Just as in talking with a real person, phrasing is important if you want to communicate effectively with an intelligent device like Alexa. Lenz says you have to think a little bit before you speak. His description of the process would be familiar to many couples:
"You have to understand how to talk to her," he says. "There are certain ways you have to say things to get the results you're looking for."
"For instance, like in the example I just used, you have to tell her to 'ask Pentair' to do something. But once you know how talk to her in the right way, it works really well.
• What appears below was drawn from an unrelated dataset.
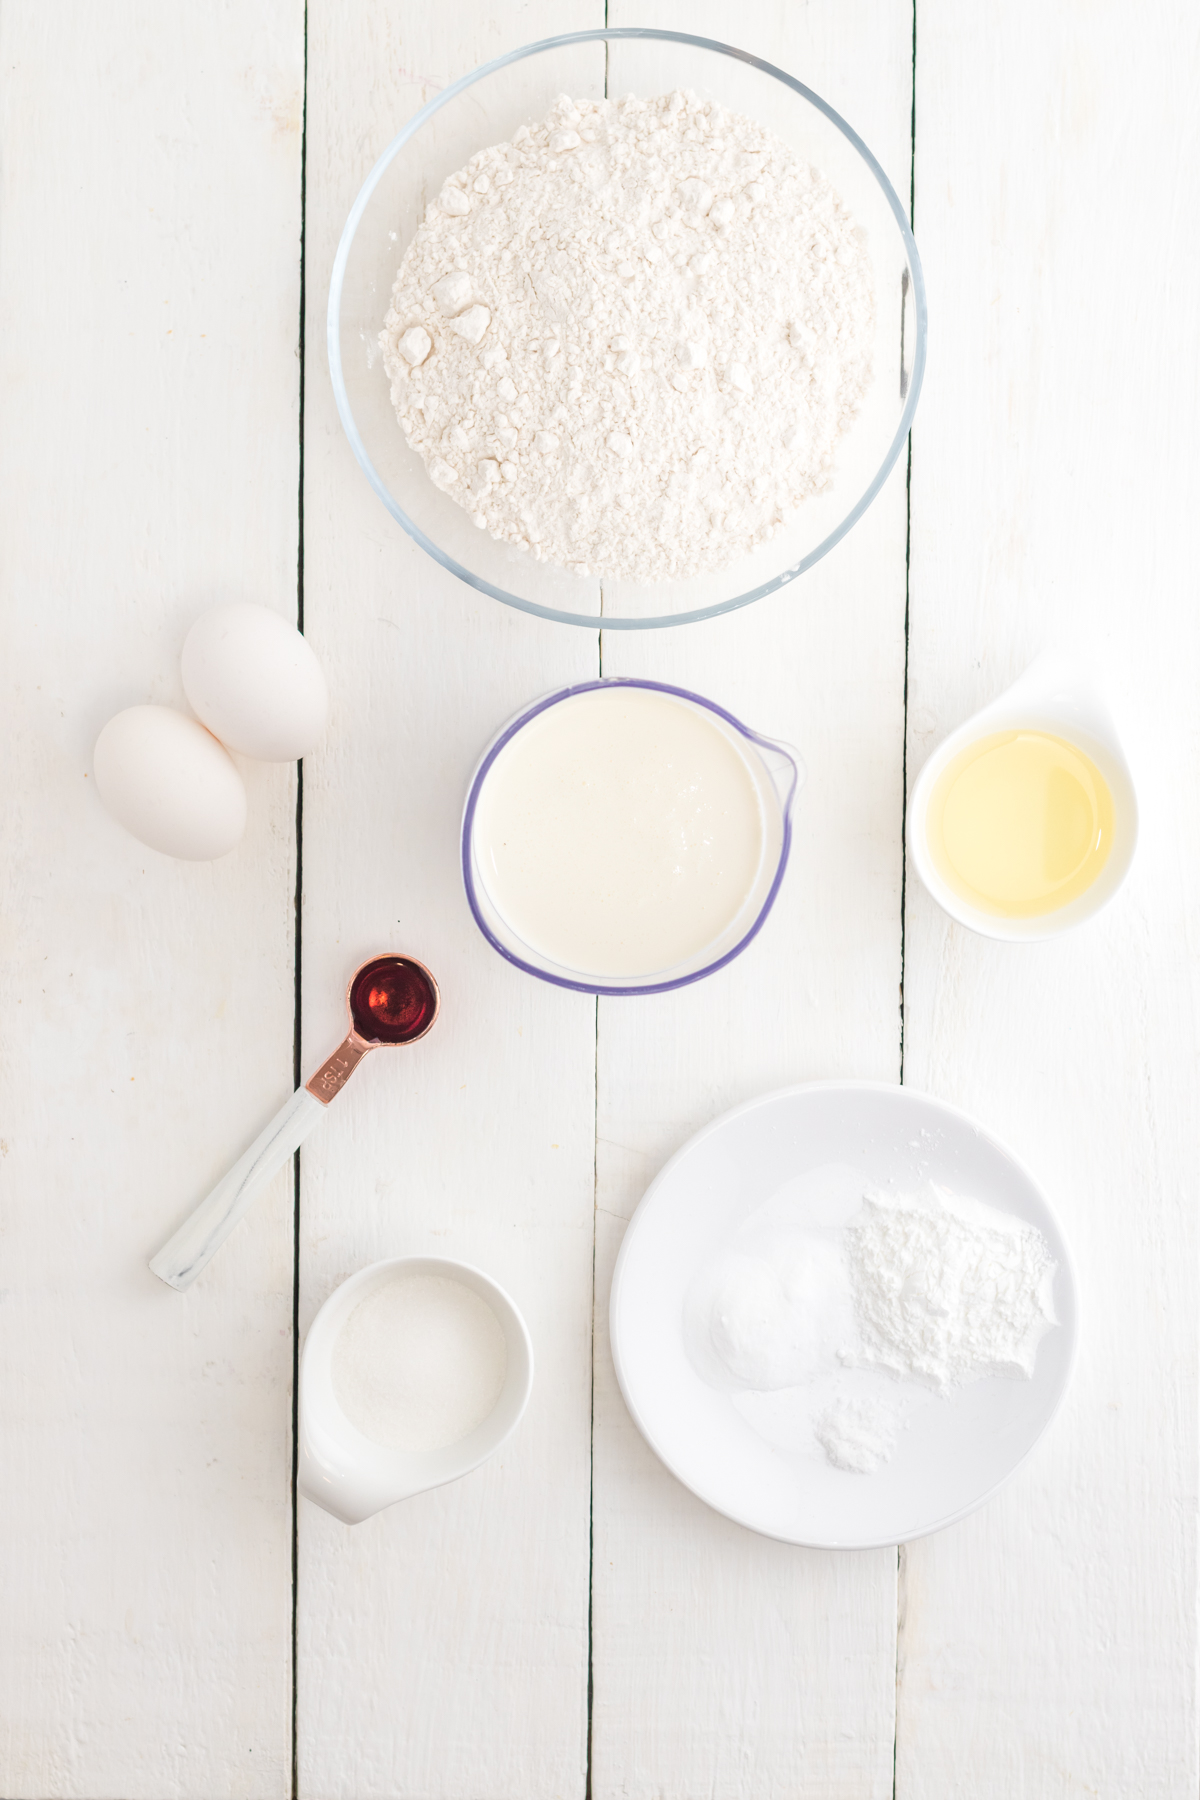 Ingredients to make sweet cream pancakes.

"For instance, you quickly discover if you say, 'turn the pool pump on,' instead of "turn on the pool pump" you get better results. (She wants the object first.)
The Slow Embrace
Most labor-saving technologies such as this one follow a familiar trajectory. They usually find limited initial acceptance among early adopters (typically young adults and tech geeks), followed in due time by the general embrace of the mainstream public.
Lenz sees a similar dynamic playing out with voice command systems. "Right now, most of our customer base is in the 35-55 age range, and even 35-year-olds are a little beyond the primary group. They may enjoy the novelty of it, but they don't really look for functionality in that technology.
"On the other hand, my service manager is in her mid-twenties, and she is all over Google Home. She does her shopping lists and other things on it, and I think that generation expects to use this kind of technology extensively."